- **WHAT THE EXERCISE ASKS**:
When you transcribe the listing that follows, keep every line exact and omit the pictures.

- **DATASET CONTENT**:
══════════════════════════════

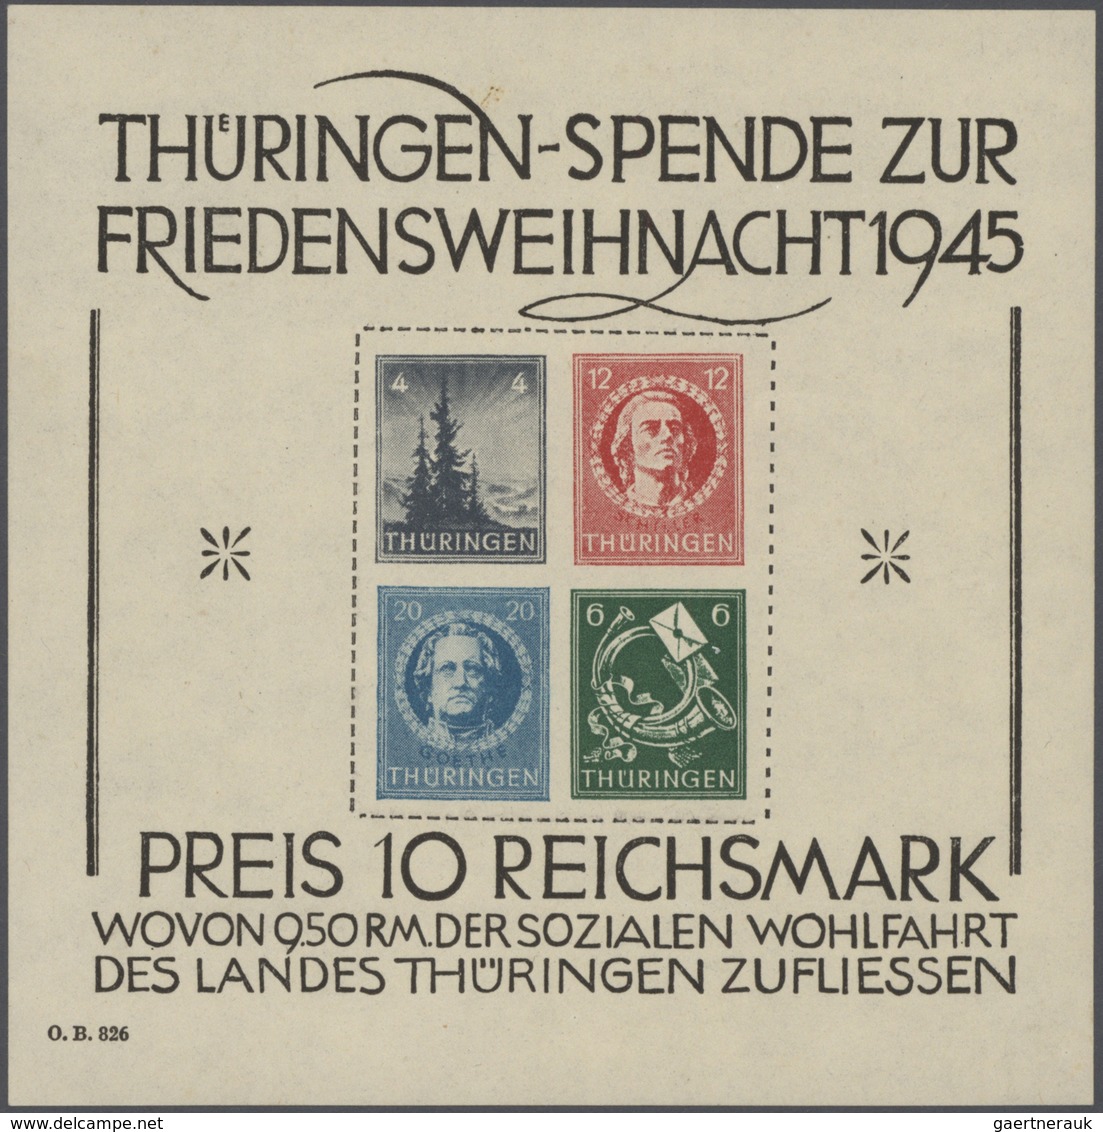 32120 Deutschland nach 1945: 1945/1957, meist bis 1949, urige Sammlung in zwei Lindner-Ringbindern sowie z
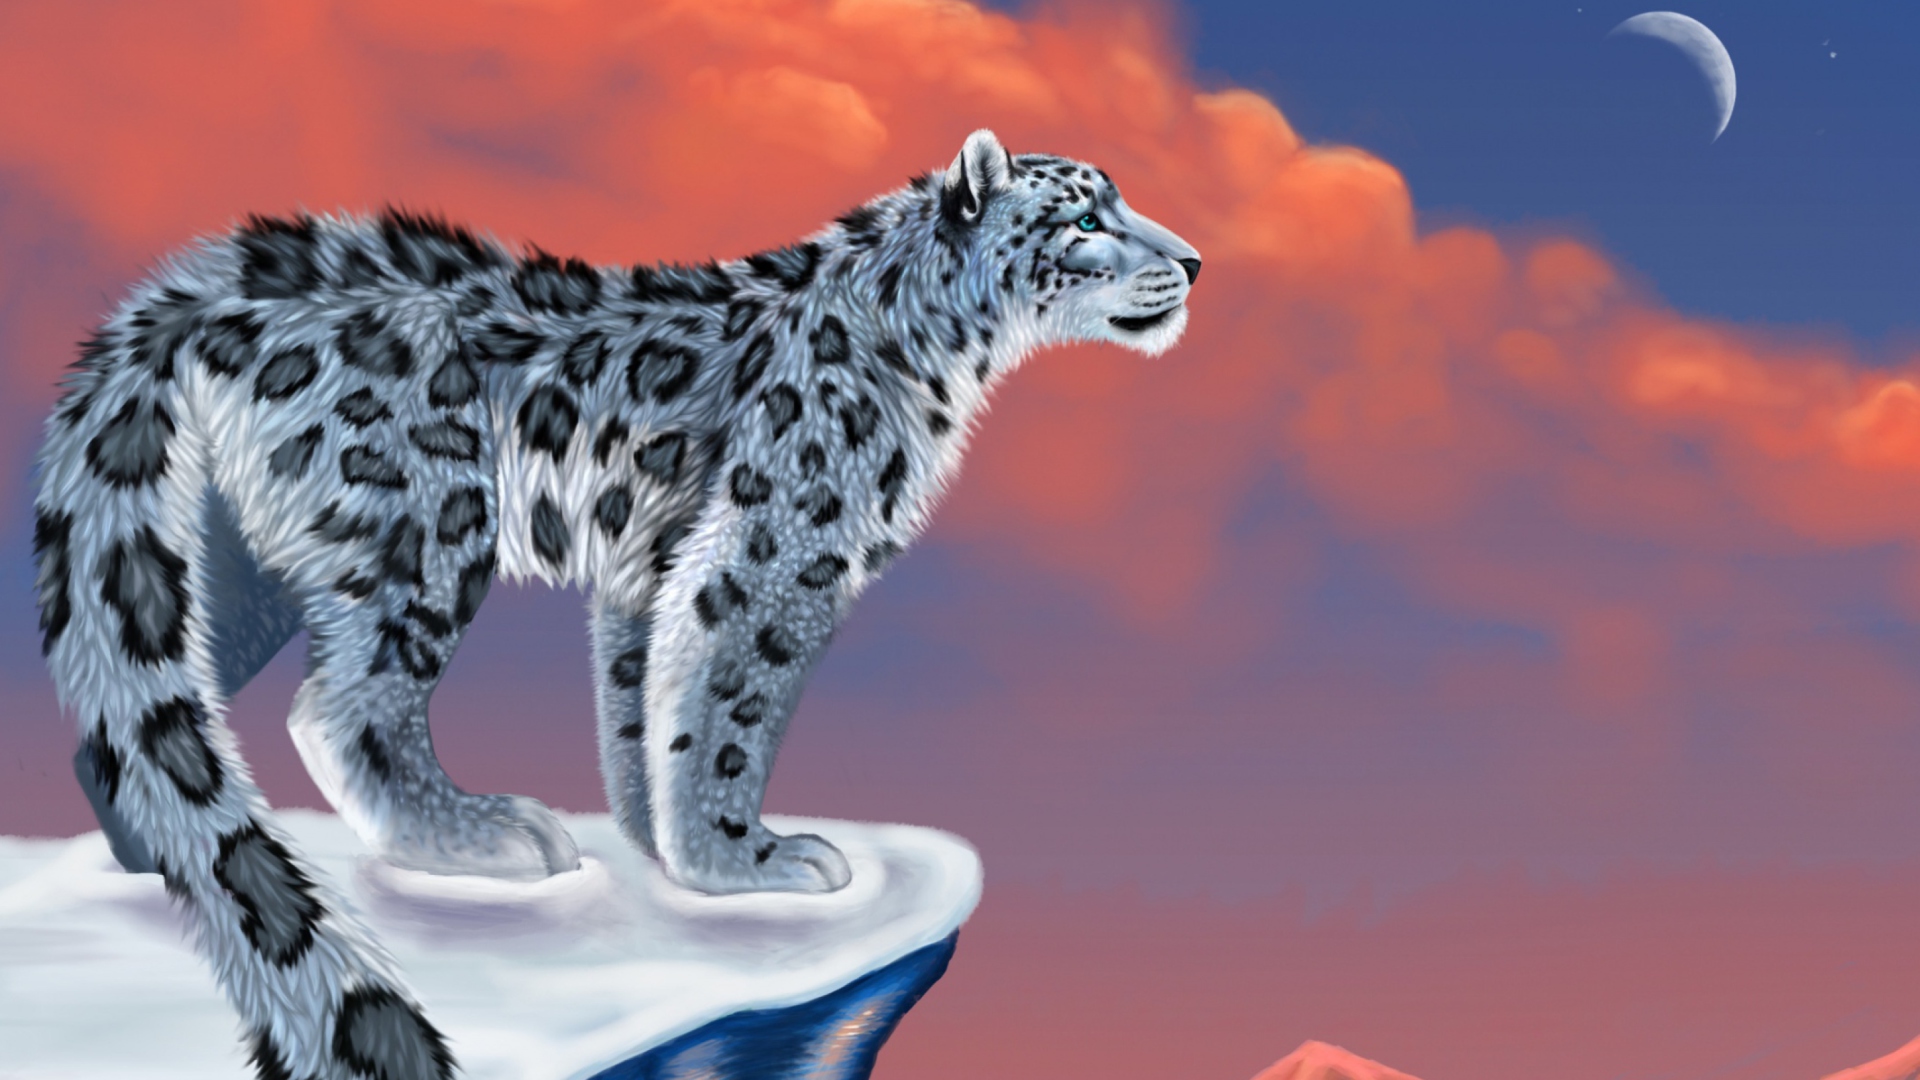 Обои Snow Leopard Drawing 1920x1080
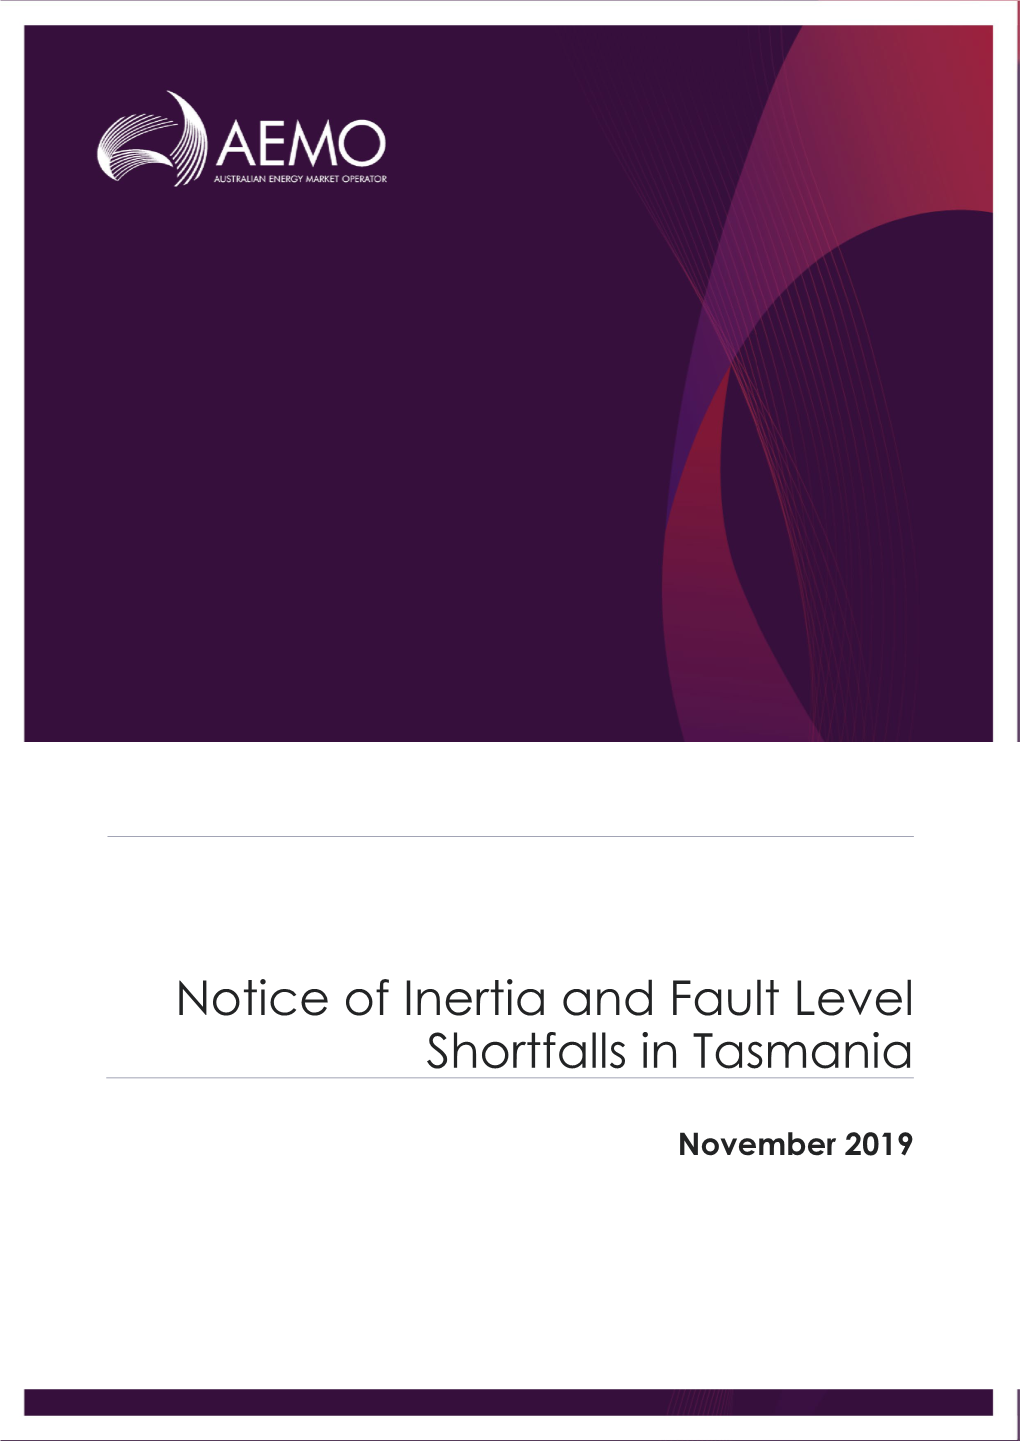 Notice of Inertia and Fault Level Shortfalls in Tasmania
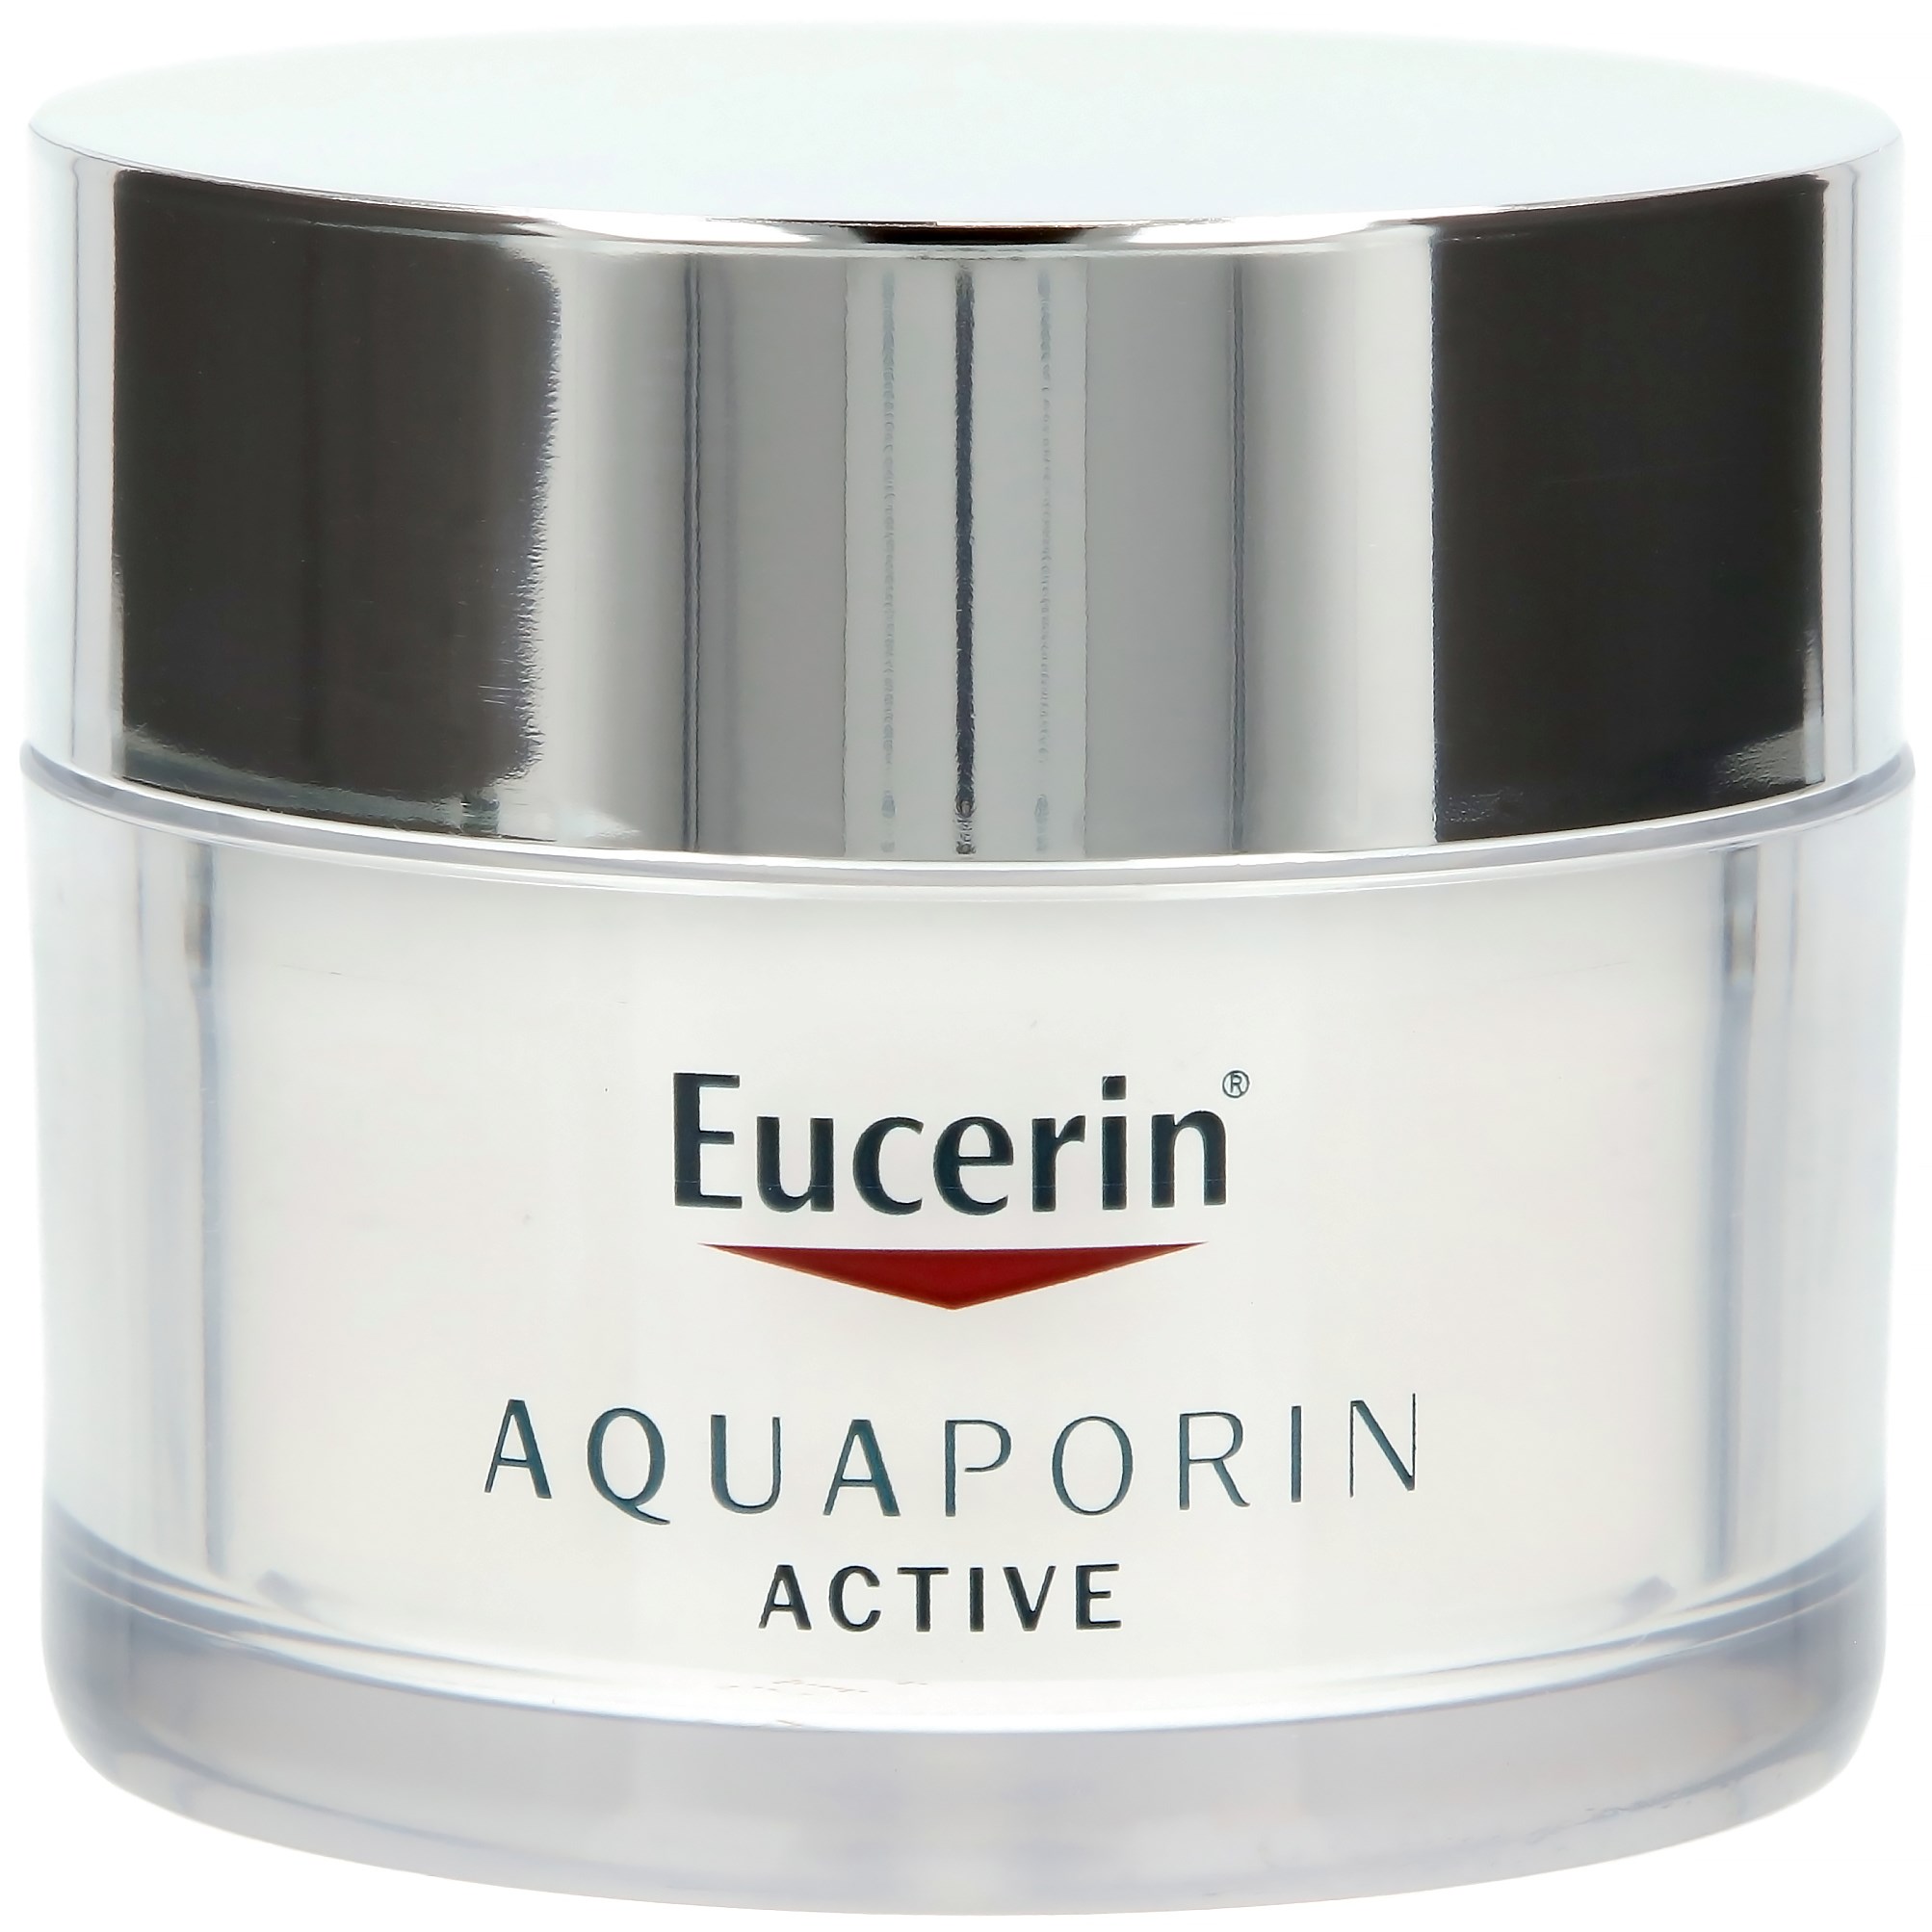 Eucerin AQUAporin ACTIVE med SPF 25 All Skin Types 50 ml

══════════════════════════════

- **RESULT OF THIS EXERCISE**:
 32120 Deutschland nach 1945: 1945/1957, meist bis 1949, urige Sammlung in zwei Lindner-Ringbindern sowie z
 Обои Snow Leopard Drawing 1920x1080
 Notice of Inertia and Fault Level Shortfalls in Tasmania
 Eucerin AQUAporin ACTIVE med SPF 25 All Skin Types 50 ml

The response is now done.